Which Language To Learn?
LordStormes writes "I've been a Java/C++/PHP developer for about 6 years now. However, I'm seeing the jobs for these languages dry up, and Java in particular is worrisome with all the Oracle nonsense going on. I think it's time to pick up a new language or risk my skills fading into uselessness. I'm looking to do mostly Web-based back-end stuff. I've contemplated Perl, Python, Ruby, Erlang, Go, and several other languages, but I'll put it to you — what language makes the most sense now to get the jobs? I've deliberately omitted .NET — I have no desire to do the Microsoft languages."
http://www.tiobe.com/index.php/content/paperinfo/tpci/index.html
Java (as much as I hate it) - and C++ (as much as I lothe it) aren't going away or drying up - but they have flatlined
You can see the "fast risers" like Ada (WTF?), Objective-C (i.e. iPhone/iPad), etc. - but these are generally very vertical (specfic-purpose) languages.

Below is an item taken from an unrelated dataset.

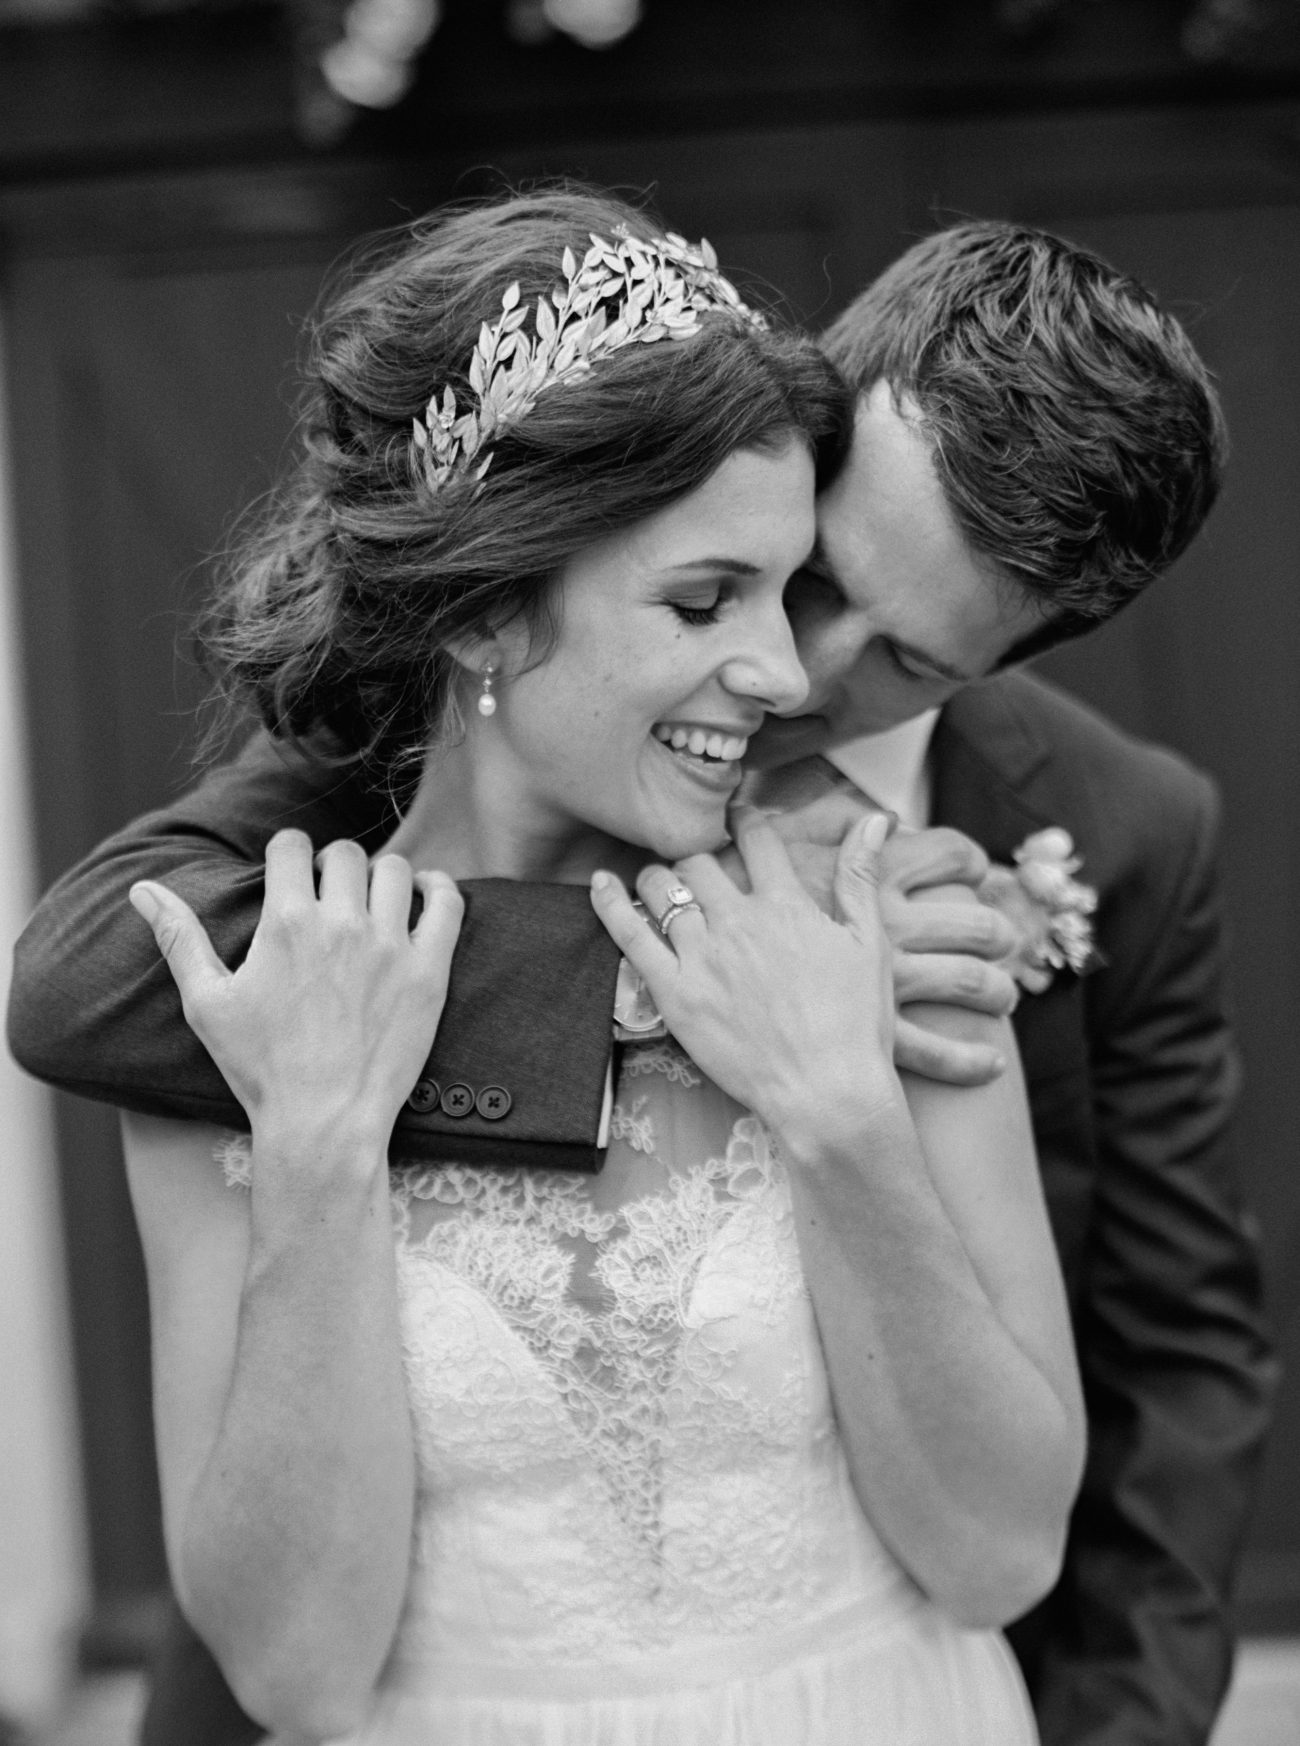 Descubre en el blog de bodas wedding ideas cinco consejos para triunfar en tu boda con sls dance

If you want to learn something new without throwing away all your java experience, you might try Scala. I've heard good things about it (though I have no personal experience with it myself). As functional languages go, I prefer Haskell [1] as my default problem-solving language. You might have trouble finding a Haskell job, but it will teach you things that will be relevant in other languages.
Erlang is an interesting language. I view it as kind of a one-trick pony, but for distributed systems I've not seen anything better.
[1] Learn you a Haskell for great good
The fastest growing, hottest languages on GitHub right now are Ruby and Javascript. Partly that's due to the amazing Node.js server-side platform that runs on Google's V8.
Ditch digging is shit labor and shit money?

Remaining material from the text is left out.